Value Argentinian Malbec

Today’s Story: Anko

Anko (which means “high water” in the native Indian language of Salta, Argentina) is a small winery founded in 2008 by Fernando Saavedra Jr. and his father in mountainous northwestern Argentina. Along with Anko’s winemaker Alejandro (Colo) Sejanovich, Fernando strives to create terroir-driven Malbecs that display the unique growing conditions of Salta, a “high altitude oasis” amongst the rugged, mountainous deserts of the region. Anko’s winery and vineyards sit at an average elevation of 5,700 feet above sea level in Estancia Los Cardones, named for the cacti that grow there, and the thick-skinned fruit experiences extreme sunlight and creates powerful, concentrated, and structured wines.

Today’s Wine: 2017 Malbec

100% Malbec; 13.5% ABV

The 2017 Malbec is deep purple in color and almost fully opaque. This needs about 30 minutes to truly open up but once it does the nose showcases aromas of plum, blackberry, black cherry, tomato, sweet tobacco, baking spice, pepper, and oak. On the palate, this Malbec displays notes of juicy red plum, blueberry, maraschino cherry, rose petal, mint, ground green cooking herbs, cocoa, and vanilla. The wine is medium- to full-bodied with moderate acidity, medium fine-grained tannins, and a medium length finish.
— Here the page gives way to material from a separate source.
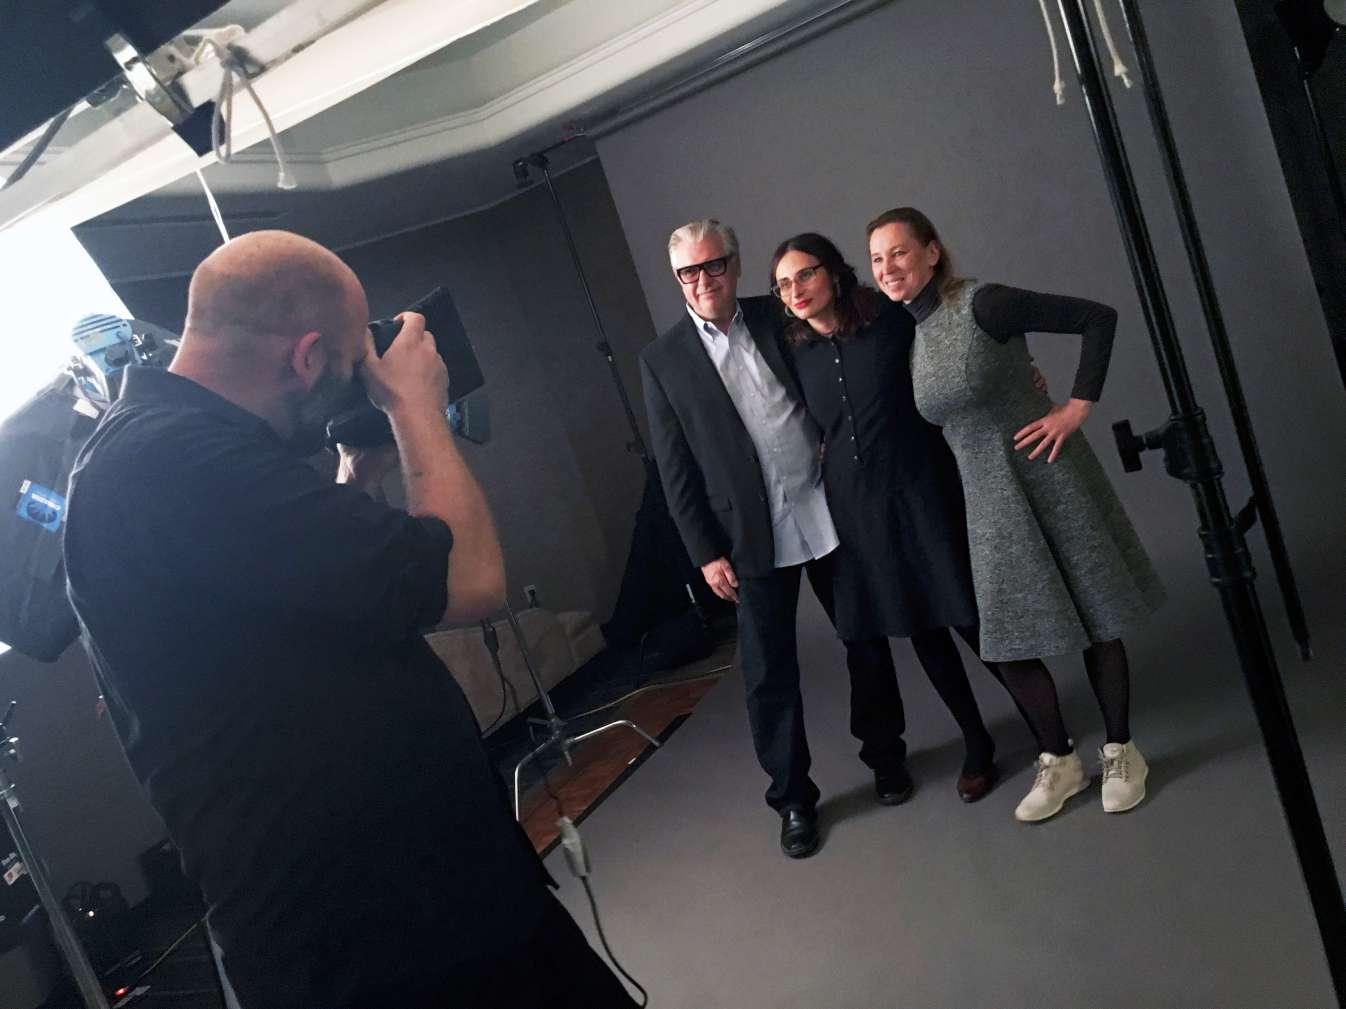 Vyto Ruginis, Eglė Vertelytė, Eglė Mikulionytė Tarptautiniame Toronto kino festivalyje | Rengėjų nuotr.

Price: $20. This was named Wine Spectator’s #1 Top Value Wine and #1 Top Value Malbec last year, and I can certainly see why. While I don’t drink a lot of Malbec, this is very enjoyable and would pair incredibly well with herb-roasted pork, a buffalo burger garnished with blue cheese, or mushroom-stuffed roasted peppers.

Going Against the Grain

Today’s Story: Susana Balbo

Susana Balbo’s career in wine is truly incredible and her broad range of wines and critical acclaim speaks to it. Susana originally hoped to study nuclear physics, however her family would not let her leave Mendoza to pursue it because the pathway was “unconventional” at the time. Instead, Susana remained in Mendoza and took up her family’s business of viticulture. Polar opposite of a degree in nuclear physics, Susana graduated with a degree in Oenology in 1981 and still managed to challenge the status quo by becoming the first women in Argentina to do so.

After working throughout the world as consultant to wineries in Spain, Chile, Italy, Brazil, Australia, and California (the first women from Argentina to do so, no less), Susana created her own winery in 1999. Located in Luján de Cuyo, Mendoza, Susana Balbo Wines prospers from their location at the foothills of the Andes Mountains where the ice melts into pure water during spring and summer for use in the vineyards. Like many higher-quality wineries nowadays, Susana Balbo Wines is committed to sustainable practices like avoiding chemical and machinery use in the vineyards, utilizing drip irrigation on the vines, and using pruning waste to nourish the soil.

To truly appreciate the history and significance of Susana’s career, I highly recommend trying some of her wines if you see them at your local store. While I am reviewing one of her “entry level” offerings today, her Nosotros Single Vineyard Malbec received outstanding notes and is worthy of seeking out. Hopefully I can review one for you someday soon.

Today’s Wine: 2011 Signature Malbec

90% Malbec, 10% Cabernet Sauvignon; 14.5% ABV

I’ve had an opportunity to taste Susana Balbo Malbecs on multiple occasions, but they have all been more recent vintages so I was intrigued by this bottle (served to me blind) with eight years of age. Today’s wine is medium purple to ruby in color with moderate staining on the sides of the glass. On the nose we have aromas of blackberry, blueberry, anise, sweaty locker room, and flint. The palate is not complex and the wine is very easy drinking, showcasing notes of plum, dates, cigar box, and baking spice. Good value for the money, this is medium-bodied with medium (+) acidity, medium (+) tannins, and a medium length finish. This bottle makes me excited to try her higher-end wines in the future.

Price: $20, a solid price-point for Malbec. Pair this with a burger, skirt steak, or dark meat chicken.